Task brief:
An acceptable answer repeats exactly the line containing "Sunset from our" and all lines that follow it in the listing below, and it includes no pictures.

Supplied material:
-------------------------

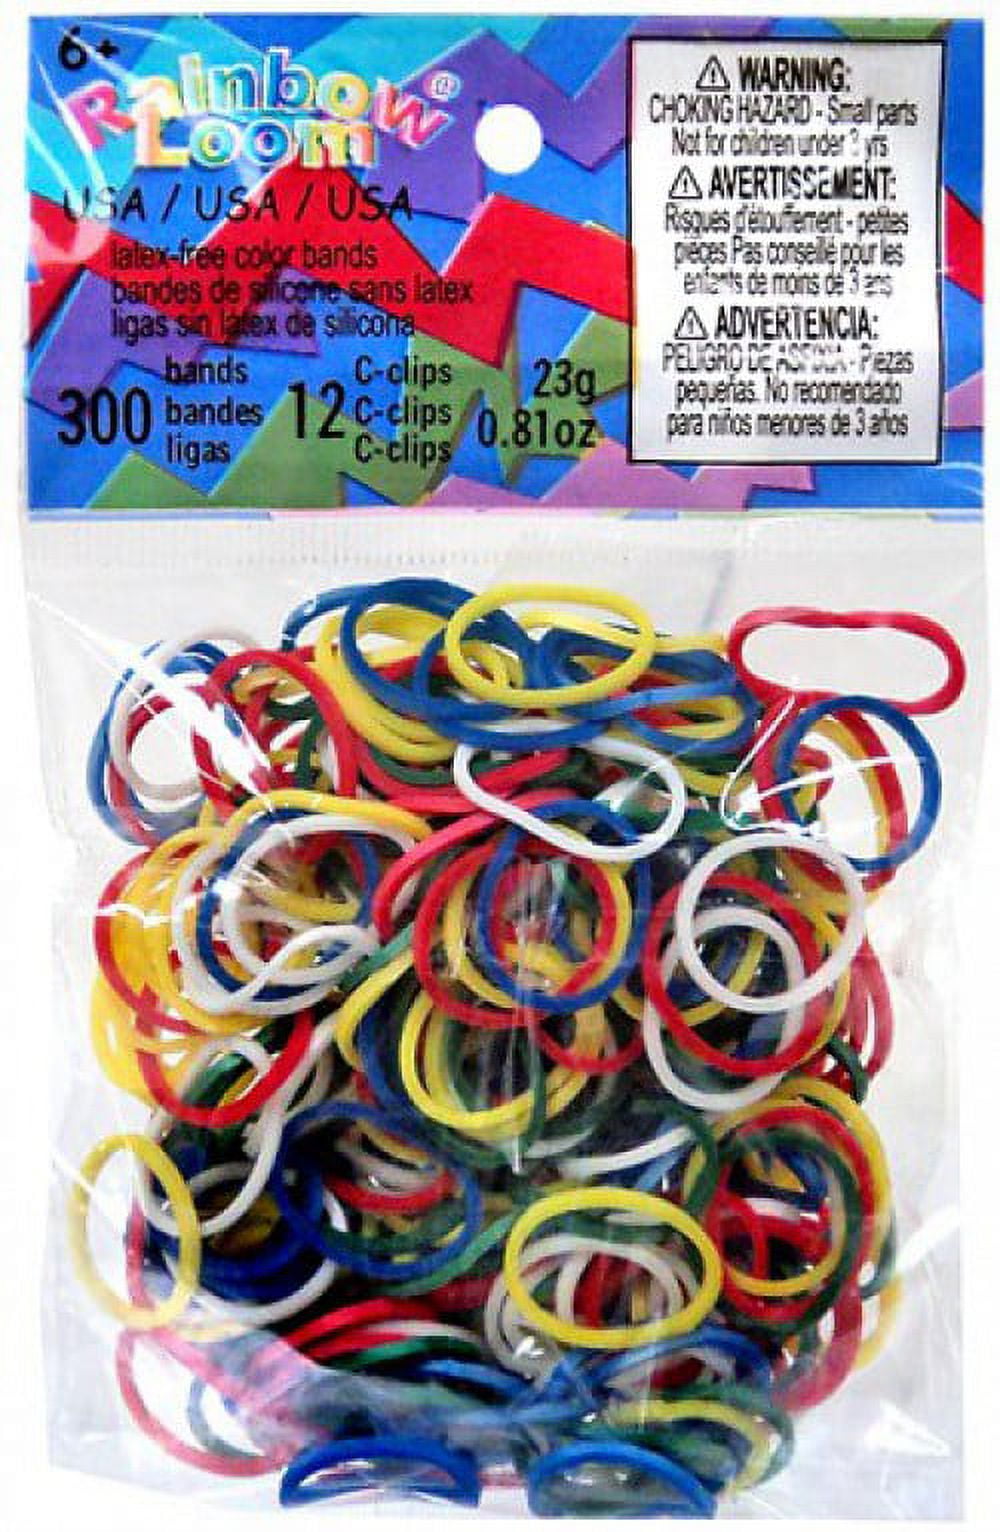 Rainbow Loom Mixed Neon Rubber Bands Refill Pack RL34 300 Count Twistz  Bandz - ToyWiz
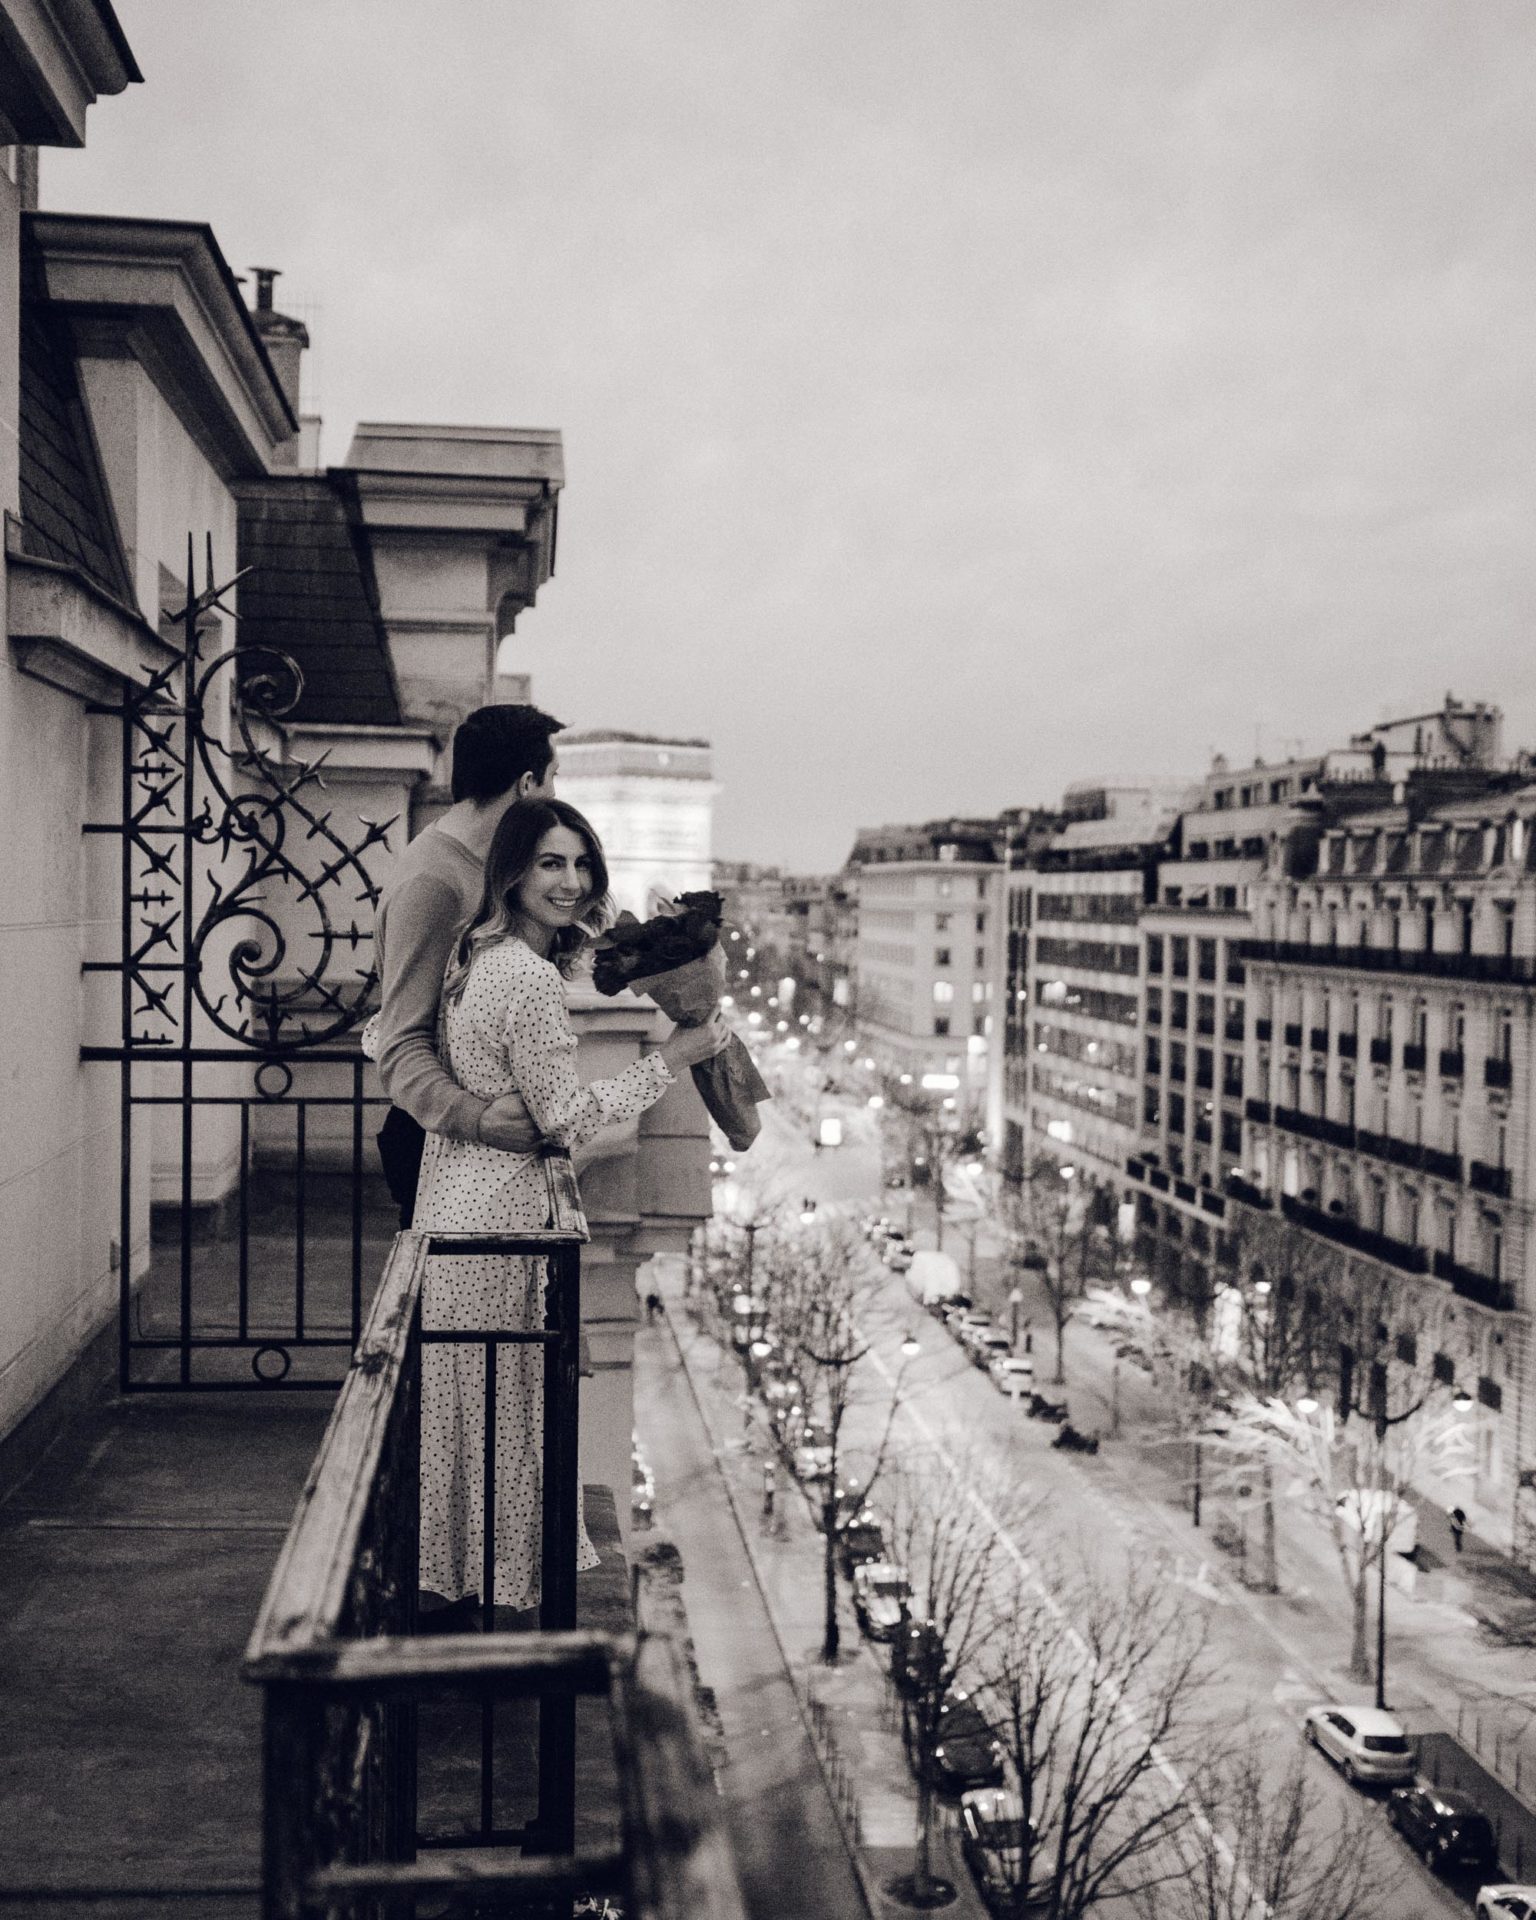 Sunset from our balcony at Le Royal Monceau Hotel in Paris for Valentine's Weekend
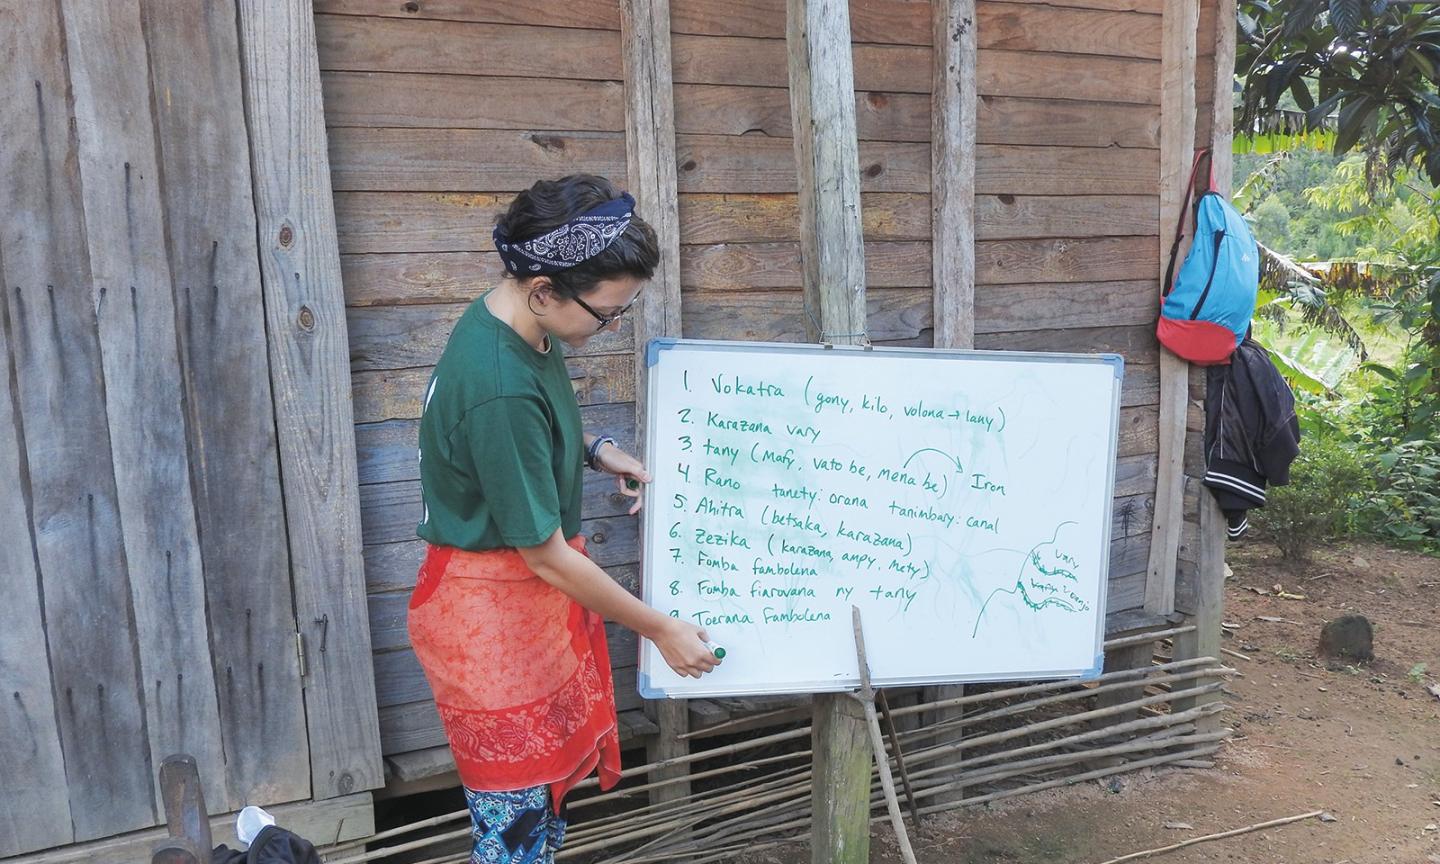 Karie Whitman guiding a focus group on rice agriculture (in Malagasy) in a village near Maromizaha Forest;

-------------------------

Answer:
 Sunset from our balcony at Le Royal Monceau Hotel in Paris for Valentine's Weekend
 Karie Whitman guiding a focus group on rice agriculture (in Malagasy) in a village near Maromizaha Forest;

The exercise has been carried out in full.